I’m going to talk to my team at our next meeting (two days from now), and probably create a wiki somewhere this week.

Thanks, good question. I’m currently away at school, but I’ll see if we can’t get a list together. Thank you.

I posted these in a different thread so I am copying them here…
Here’s a couple of hints that are common problems…

1. Whiskers at the termination point. A stray strand of wire, in a connector, touching an adjacent wire in a connector (PD to Crio and sidecar power). This is easily handled by not stripping the wire too long. Twist the wires before insertion. If there is any copper showing when you are done, hold the wire in one hand and pull down on the insulation towards the connector with your other hand.

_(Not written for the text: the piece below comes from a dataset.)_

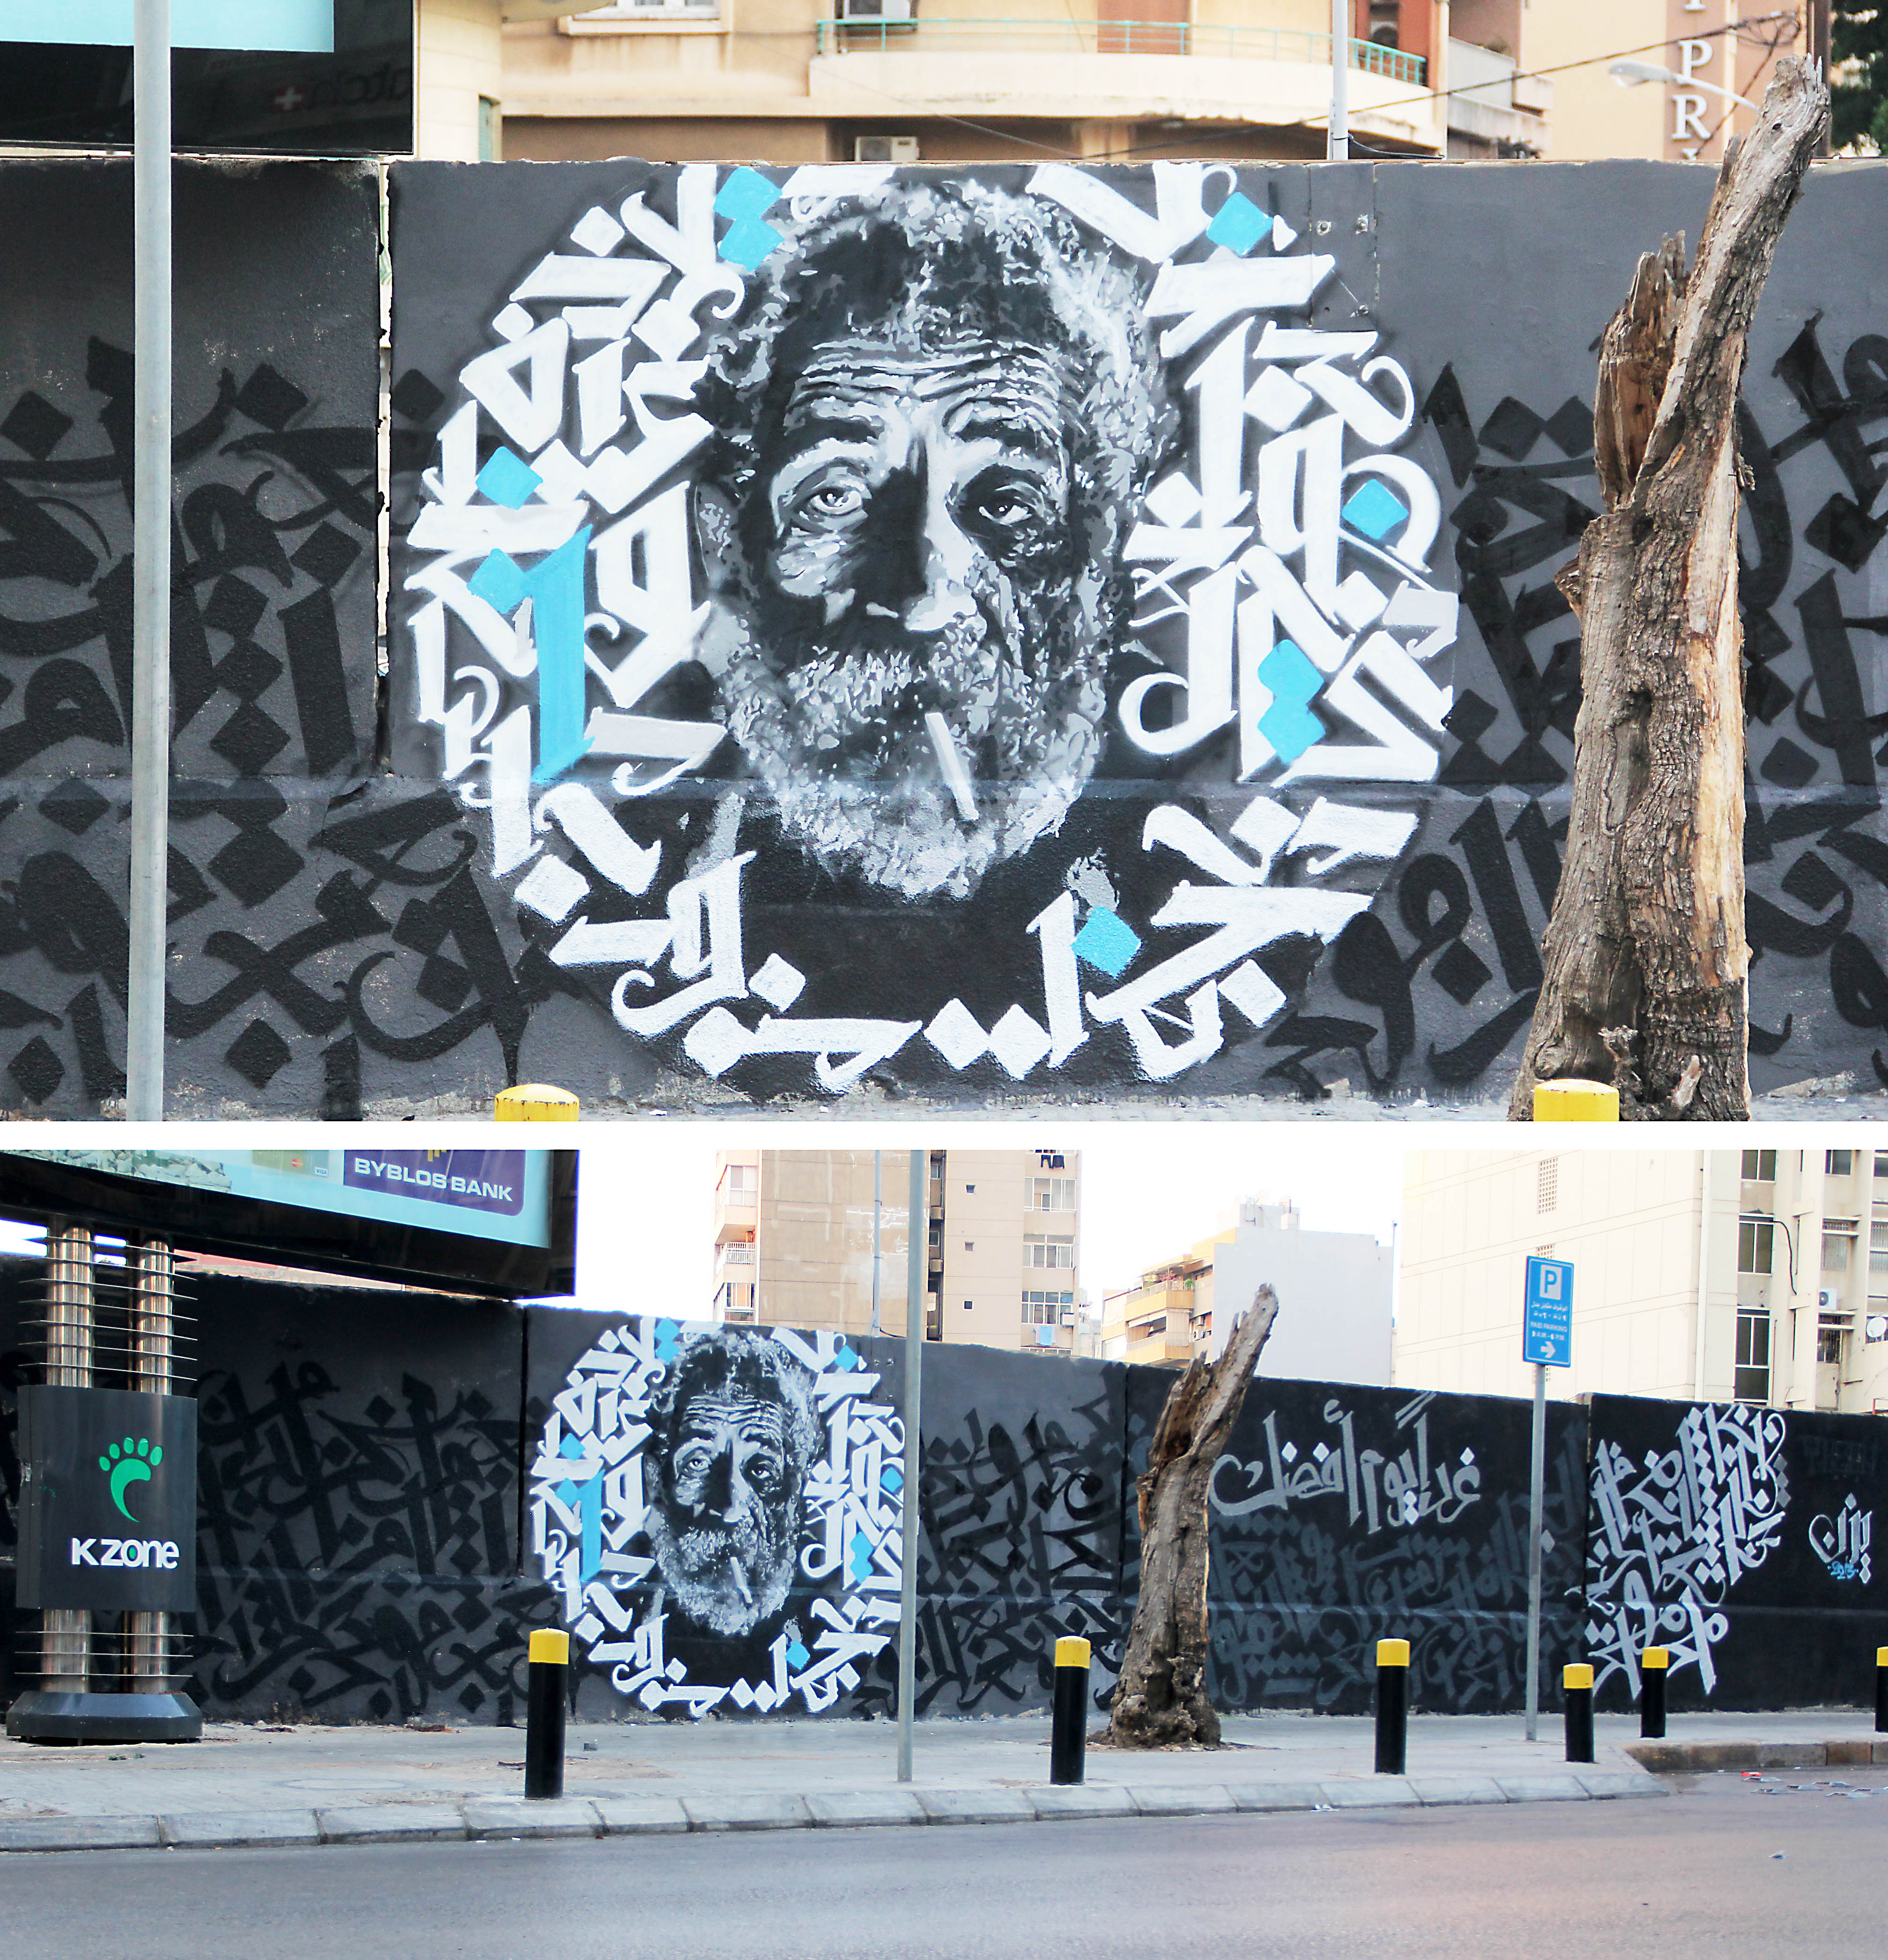 Muurschildering van Ali Abdallah, een dakloze man die in de Harmabuurt woonde. Hij stierf door de kou.

The insulation will stretch and cover the exposed copper.
2. Use heatshrink to cover up exposed wiring. It is cheap and fun to use.
3. Insulate the battery terminals when you are finished terminating the power wiring. The battery is capable of 600+ amps when fully charged. It won’t kill you but it can cause a halacious fire in the right setting.
4. Use the “tug” test on crimped terminals. Pull on the terminal with all your might, it should not pull off and it should not move. A ratchet crimper will cure most of these problems and costs about $50.
5. Tie down all wiring near the termination (PD, connector, speed controller, Spike, motor, etc.) The robot moves, sometimes violently, so don’t depend on the terminal or connector to take care of itself.
6. Inspect every connection after every match. Use your eyes, ears and nose.
7. Color coding everything makes troubleshooting so much easier. See some of my other posts for details and our motor sheet is on here somewhere as well. A sheet with color codes, motors, servos, PWM inputs, breakers and whatever else the team needs for distribution to electrical, mechanical and software keeps everyone on the same page.
8. Make sure that every student that works on the robot is knowledgeable and trained or is working with someone who is. It takes time but wins matches.
9. The robot rules for wiring includes a color code. It is there for a reason. If a sponsor wants to donate wire make sure they know, you can only use certain colors.
10. See #6 above, repeat as often as you need to feel safe and secure.